15Hermann Joseph Muller
December 21, 1890 in Manhattan, New York, USA –
April 5, 1967 in Indianapolis, Indiana, USA
The biologist and geneticist Hermann Joseph Muller became the first researcher to generate gene mutations through experimental means. This discovery – that X-rays introduce changes in an organism’s genome – led to his receipt of the Nobel Prize in Physiology or Medicine in 1946.
Muller studied biology in New York from 1907 to 1910. He received his doctorate in 1915 from Columbia University, under the supervision of geneticist Thomas H. Morgan, who was also later awarded a Nobel Prize. After stays at various universities, he was appointed to a professorship at the University of Texas at Austin in 1925. It was there, a year later, that Muller observed spontaneous mutations of genes in fruit flies. He could deliberately produce such mutations by irradiating the fruit flies with X-rays, thus proving that high-energy X-rays alter an organism’s genes.
An important event occurred at the 5th International Congress of Genetics in Berlin in 1927, when Muller first met Nikolai W. Timoféeff-Ressovsky. This encounter promised fruitful collaborations, so Muller received a Guggenheim Fellowship for a guest stay at the Kaiser Wilhelm Institute for Brain Research in Berlin-Buch from 1932 to 1933. Their work was interrupted in March 1933, when troops from the National Socialist paramilitary Sturmabteilung (SA) stormed the institute and arrested Muller, among others. Upon his release, secured by Gustav Krupp von Bohlen und Halbach, Muller left Germany and stayed in Leningrad and Moscow until 1937. In 1938 Muller went to Edinburgh, where he worked with Charlotte Auerbach, who demonstrated the mutagenic effects of chemicals.

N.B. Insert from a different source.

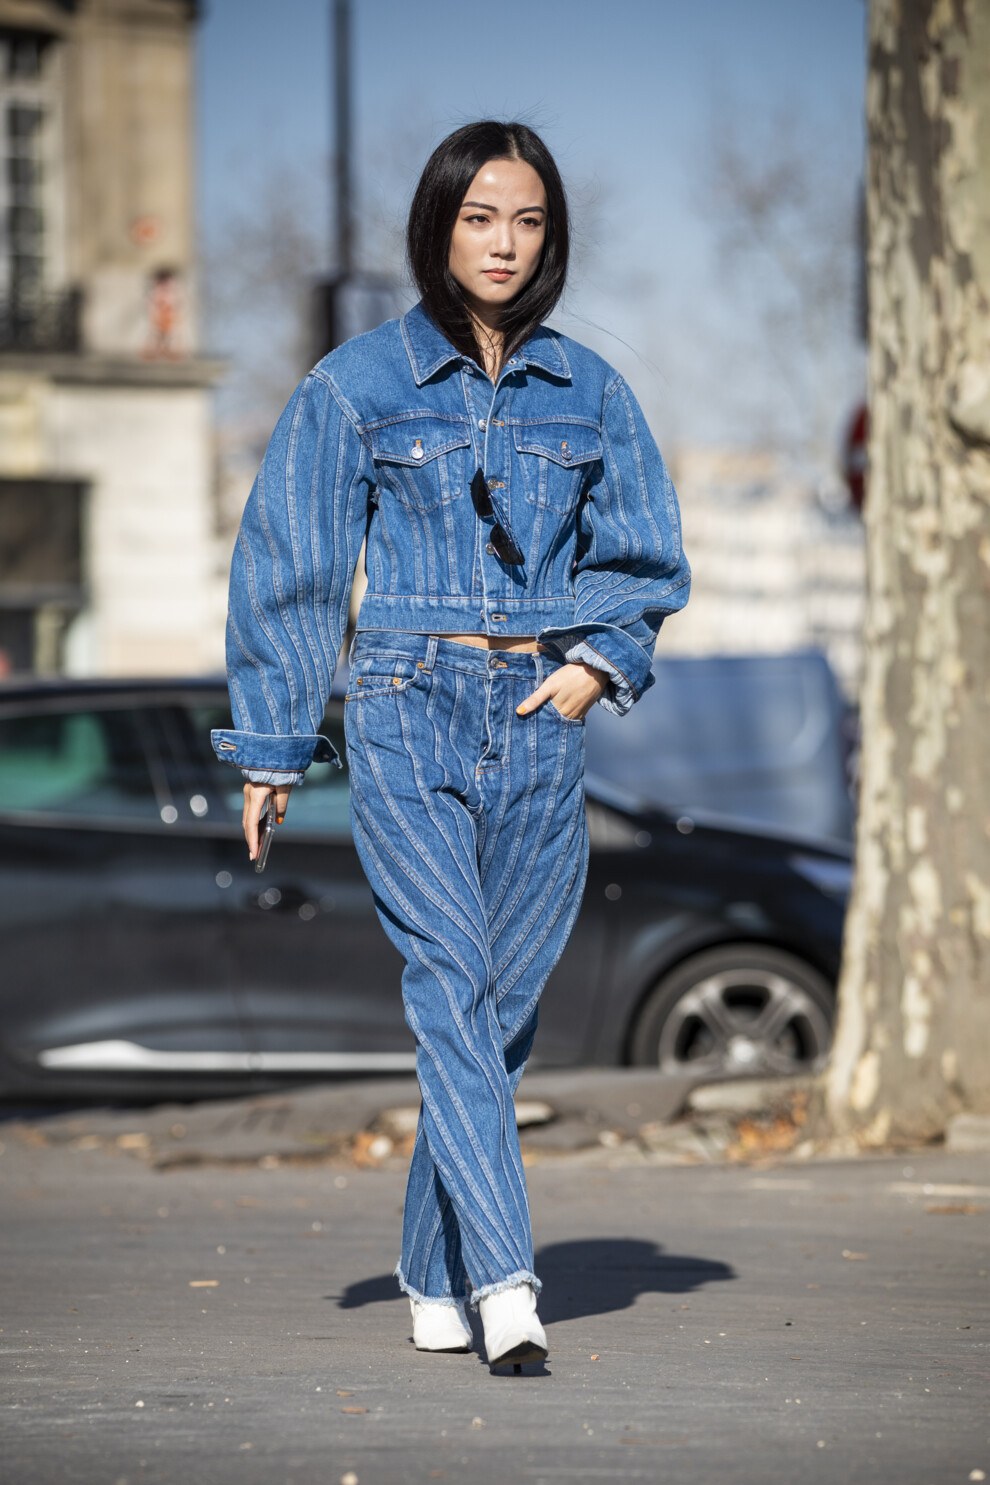 Пиджак под джинсы: как выбрать, цветовое решение, стильные модели и фасоны

Muller later developed the ”linear no threshhold“ or LNT model. It states that even low doses of radiation are harmful, because radiation dose and cancer cases are linearly related, without a threshold.
In 1940 Muller returned to the USA, taking up a position at Amherst College in Massachusetts until 1945. In 1945, Muller became a professor of zoology at Indiana University in Indianapolis. There he succumbed to congestive heart failure in 1967.

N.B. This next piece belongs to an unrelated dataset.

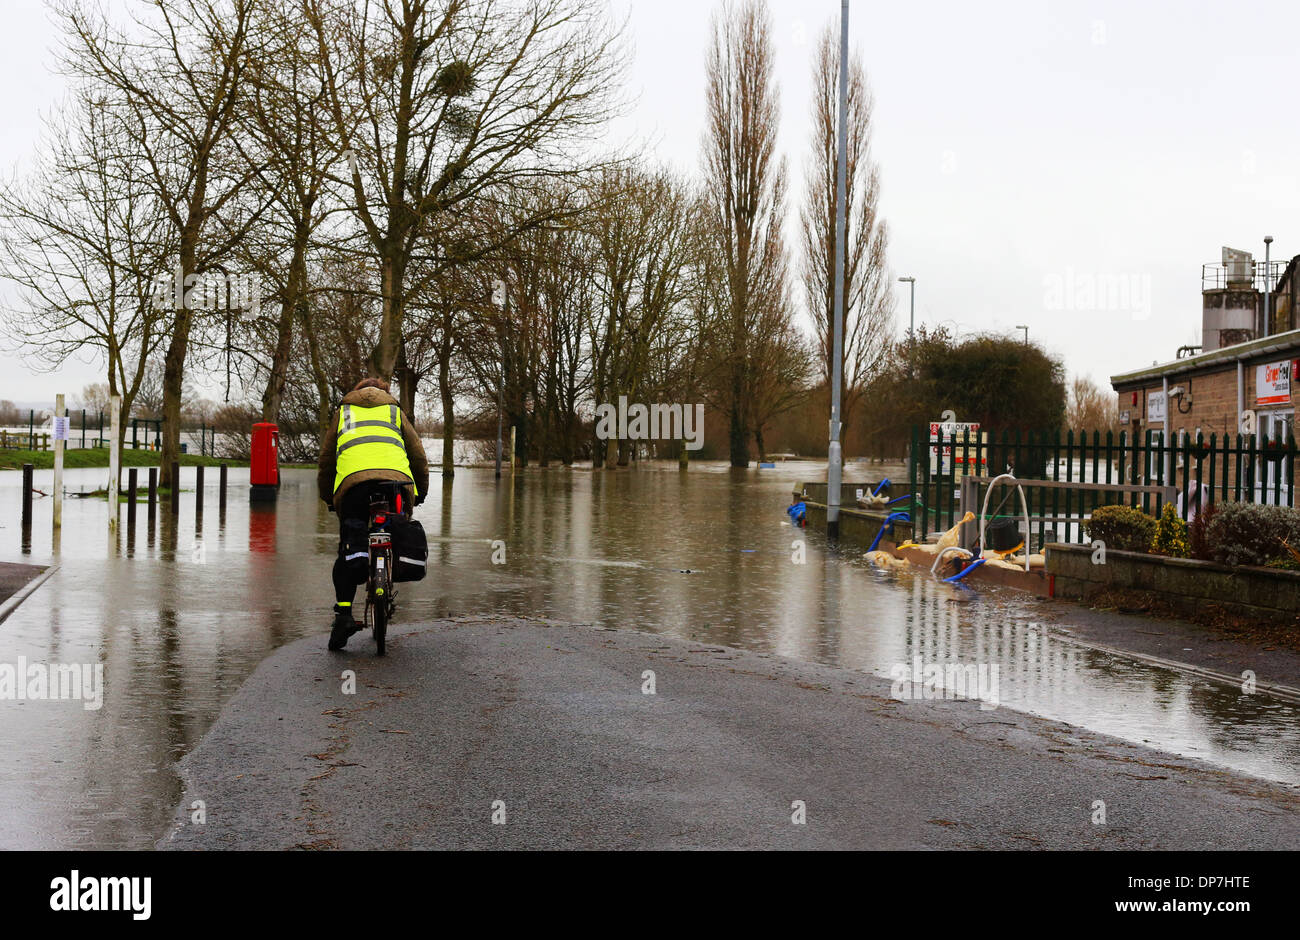 Uomo in bici, in Langport, Sud Ovest Inghilterra, chiedendo come egli sta andando ottenere qualsiasi ulteriore a causa delle inondazioni davanti a lui. Foto Stock

Muller‘s findings had an impact beyond medicine and science. He frequently warned of the long-term dangers of fallout from nuclear war or nuclear testing, and this led to increased public scrutiny of atomic programs. In 1959, the International Commission on Radiation Protection adopted Muller‘s LNT model.
More information on the cooperation between Muller, Timoféeff-Ressovsky and Max Delbrück and its importance for genetics can be found in the book ”Genetiker in Berlin-Buch/Geneticists in Berlin-Buch“, published in German and English by the Max Delbrück Center for Molecular Medicine (MDC).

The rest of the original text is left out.